Distances within the lab area could be reached by foot. Thus, larger distances were reached with the joystick, small distances per pedes. Figure 1. The virtual supermarket. I Bird's eye view of the virtual supermarket. The supermarket comprised an entrance area A and a product area B. II Entrance area of the supermarket with the info screen. III Product area of the supermarket with the shopping list Head-up display. Red crosses symbolize products not yet in the basket; green check marks symbolize products that are already in the basket. The experiment was divided into two phases, which took place on two different dates see Figure 2.
In the first phase, an initial rating took place in order to identify the most attractive virtual child character and the most unattractive virtual adult character for each individual participant see Supplementary S1 and Supplementary S2 Initial Rating for further details. The main experiment phase had five parts: Tutorial and Training, a Baseline condition, and three virtual risk scenarios. Before each part, the participant was asked to fill in the pre-test of the Simulator Sickness Questionnaire Kennedy et al. Between the different parts of the main experiment phase, the participant has the opportunity to rest.

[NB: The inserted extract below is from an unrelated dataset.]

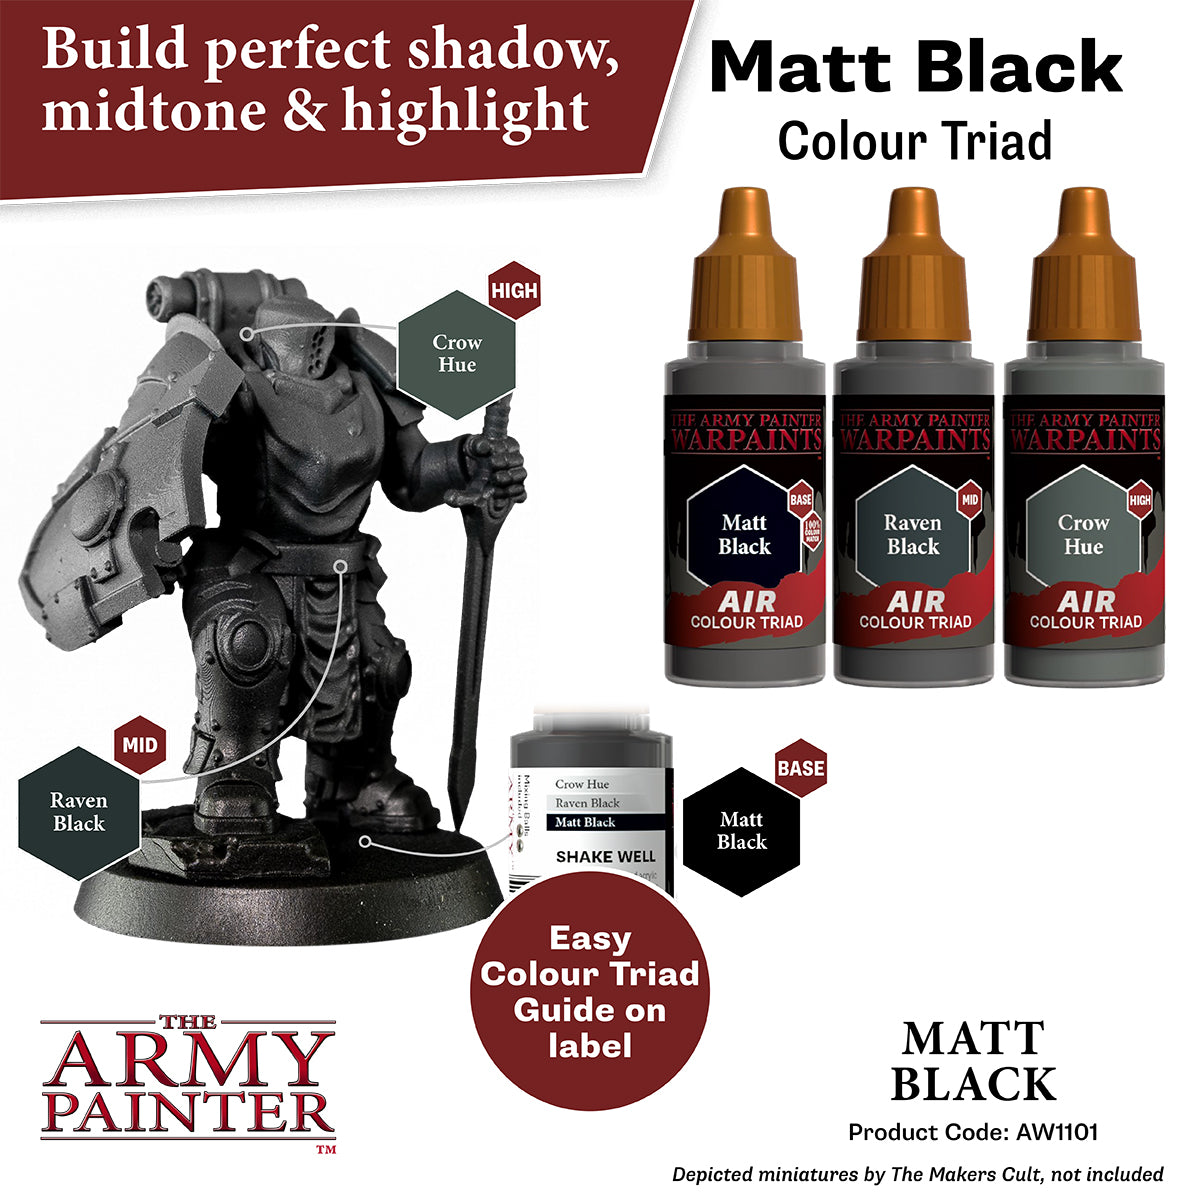 The Army Painter Air Paint Primer: Matt Black - Warpaints Model

Figure 2. Experiment procedure. The experiment started with the initial rating. Goal of the initial rating was to identify the individual most unattractive virtual adult and most attractive virtual child character. In the main experiment phase, the participants learned the controlling of the virtual supermarket and the task in the tutorial and training.

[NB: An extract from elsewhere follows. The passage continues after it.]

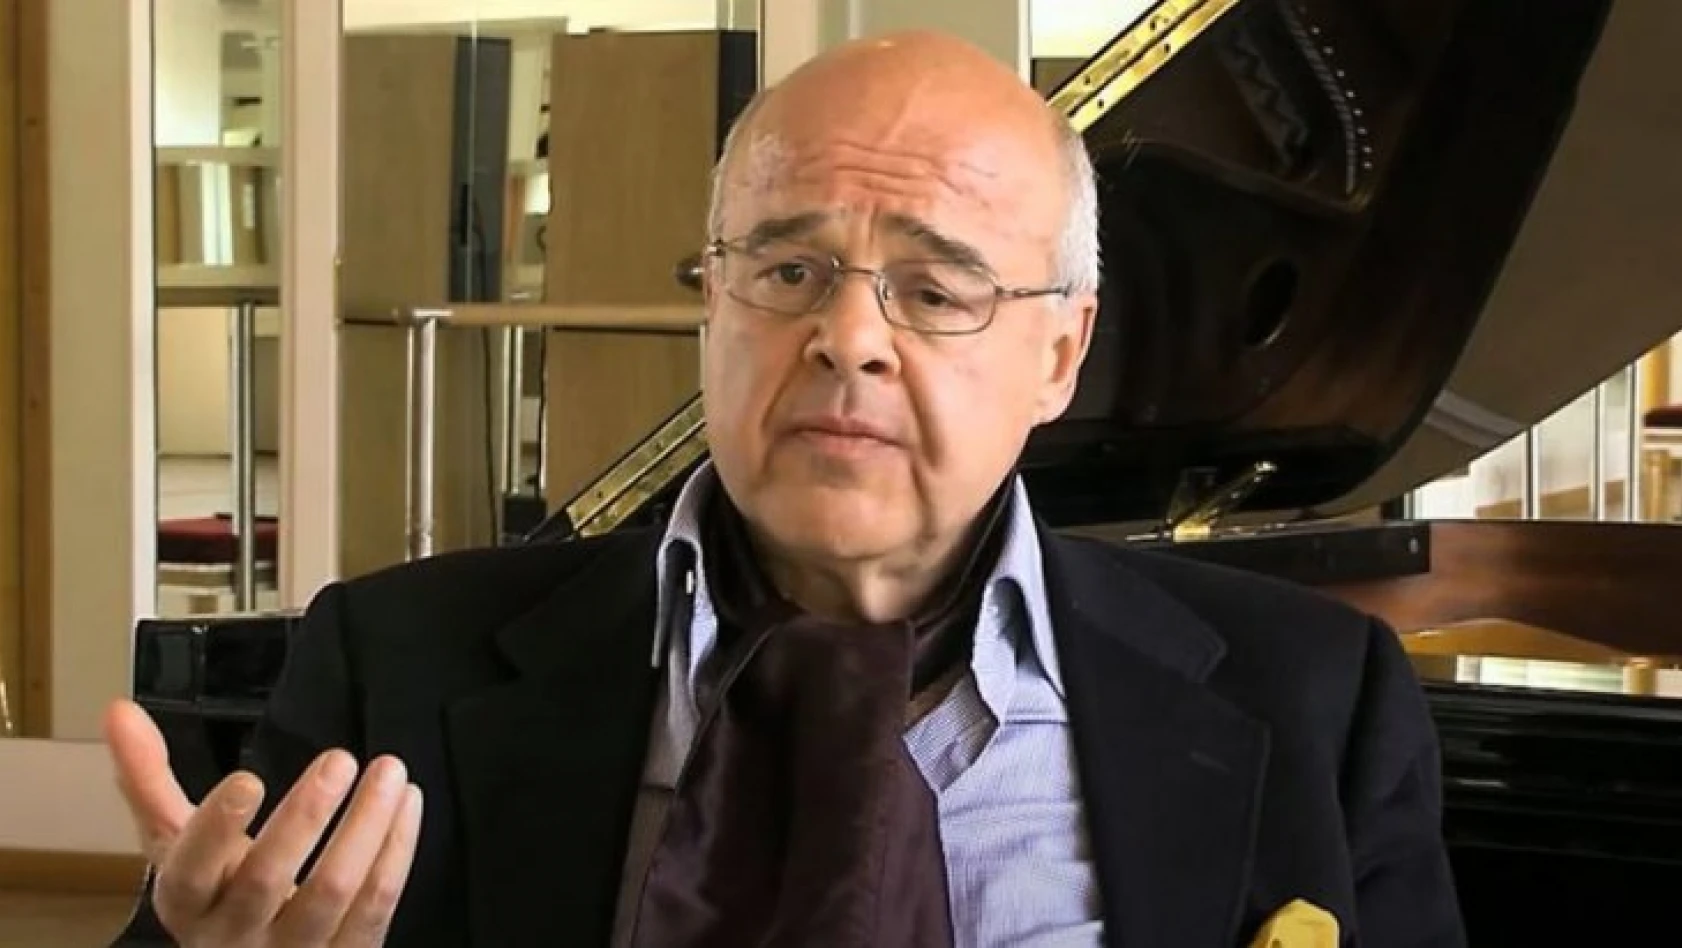 Gürcü piyanist Alexander Toradze, hayatını kaybetti

Afterwards, the participant was exposed to the most attractive virtual child character consecutively in three risk scenarios. The risk scenarios differed from each other with regard to their difficulty to avoid the contact to the virtual child character. During the tutorial, the participant was instructed that his task is to buy five specific products chocolate, Coca-Cola, pasta, milk, and coffee in the virtual supermarket within 5 min.
At the beginning, the participants stood in the entrance area in front of the virtual screen. The investigator explained the controlling of the VE and asked the participant to test the two different options to walk through the supermarket per joystick or per pedes; see above. Then, the investigator guided the participant during his first virtual shopping trip. In order to ensure that all participants were at the same training level regarding the control of the VE, the participants trained in the VE until they were able to buy all five products within 5 min.

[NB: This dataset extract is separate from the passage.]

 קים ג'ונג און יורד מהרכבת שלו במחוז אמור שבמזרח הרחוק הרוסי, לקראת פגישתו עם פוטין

During this training phase, the participant received no help from the investigator. At the beginning of the baseline condition, the participants were told that the task to buy five products remained, but with no time restriction. They were further told, that a virtual character will make contact during the virtual shopping trip. Responses can be selected with the HUD. Based on the results of the initial rating, the virtual adult character with the shortest viewing time was used.
Until the participant reached the candy shelves in the middle of the virtual supermarket the participant had to buy chocolate , the virtual character walked through the supermarket at a predefined path. When the participant reached the candy shelves, the virtual character walked to the participant and asked, if the participant knew where he can find Coca-Cola bottles in the supermarket. During the interaction, the participant was not able to move. After the virtual character talked to the participant, the participant was able to choose among five different answers.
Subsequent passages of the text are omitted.